Close Calls at San Francisco International Airport – NBC Bay Area

Two airliners aborted landing at San Francisco International Airport last week after pilots saw a Southwest Airlines jet taxiing over the runways where the other planes had been cleared to land.
An air traffic controller told the Southwest pilots that they should not have been on the runways during the May 19 incident.
The Federal Aviation Administration said Thursday that the Southwest plane was clearing the runways as the other planes passed overhead, and the decision to abort the landings was “prudent.”
“The FAA reviewed the incidents and determined that the necessary steps were taken to ensure safe operations,”[ads1]; the agency said.
The National Transportation Safety Board said it is not investigating the matter.
The incident comes after half a dozen close calls in recent months which are being investigated by security authorities. These include one in February in which a FedEx plane flew about 30 meters above the top of a Southwest jet in Austin, Texas, after an air traffic controller cleared both planes to use the same runway.
In the incident this month, an inbound United Airlines flight flew as low as a few hundred feet (100 meters) over San Francisco Bay before pilots spotted the Southwest jet on the same runway and decided to abort the landing.
Shortly thereafter, the crew of an incoming Alaska Airlines flight saw the same Southwest jet cross a second, parallel runway, and the pilots also aborted the landing.
Both the United and Alaska planes circled and landed safely.
The air traffic controller told the crew of the Southwest jet, “You shouldn’t be on the runway,” according to a recording obtained by LiveATC.com.
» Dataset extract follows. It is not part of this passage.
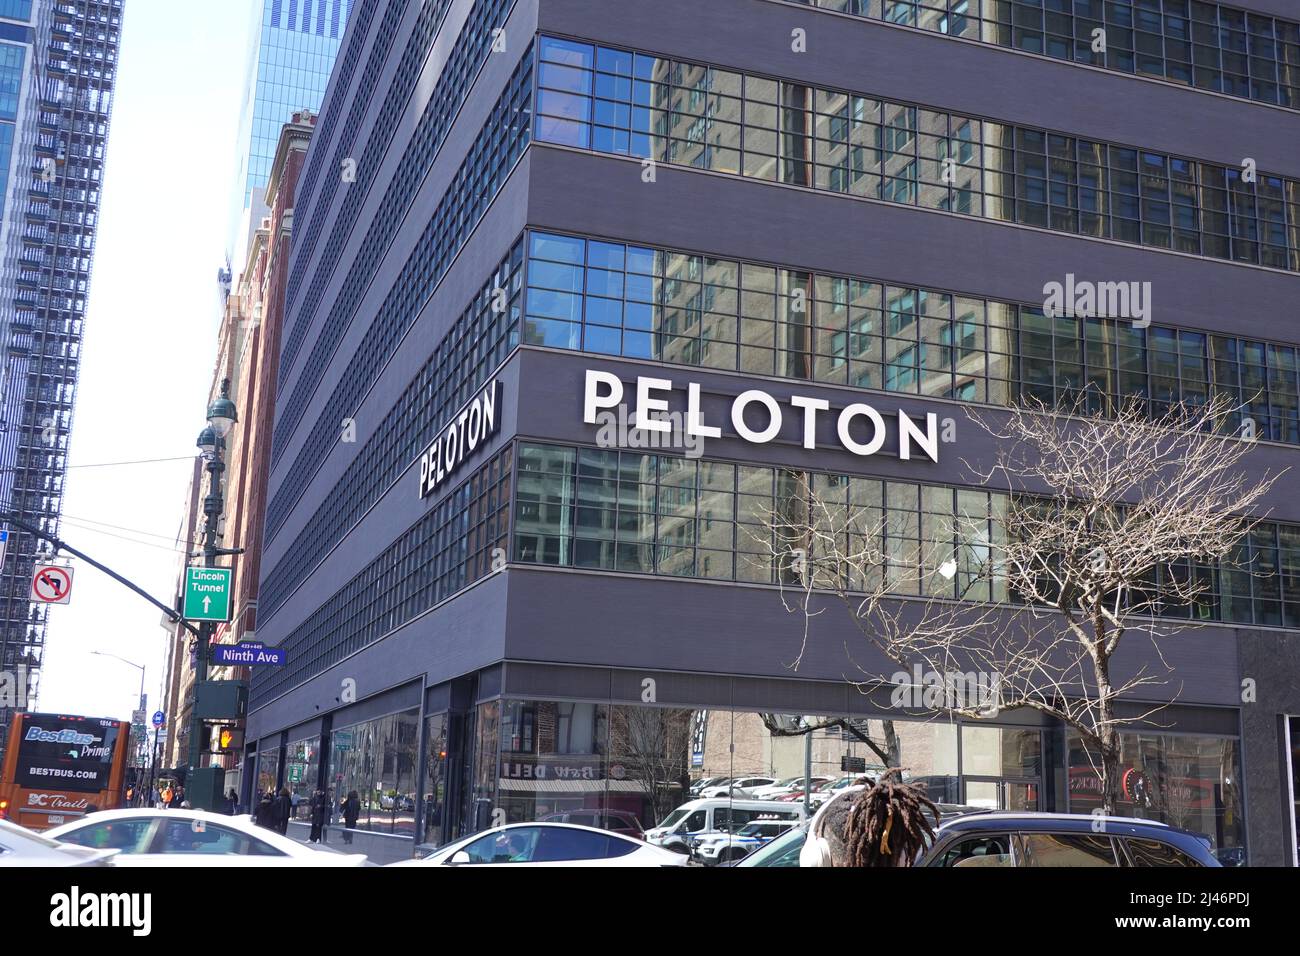 Peloton, siège de New York, Nineth Avenue Manhatten, New York, États-Unis Banque D'Images

When one of the pilots tried to explain, the controller cut him off, saying, “I don’t need an argument.”
The incident was first reported by the San Francisco Chronicle. The San Francisco airport was the site of a terrifying near-disaster in 2017, when pilots of an Air Canada jet taxied for the runway and nearly landed on top of four other planes waiting to take off.
Despite recent close calls, the acting head of the FAA has said the nation’s air traffic system is safe, pointing to the lack of a fatal accident involving a US airline since 2009.
However, concern about the close calls led the FAA to hold a “safety summit” in March. The agency said this week it is investing $100 million in improvements at 12 airports — but not San Francisco — to reduce the number of “runway incursions” when a plane or airport vehicle is on a runway when it shouldn’t be.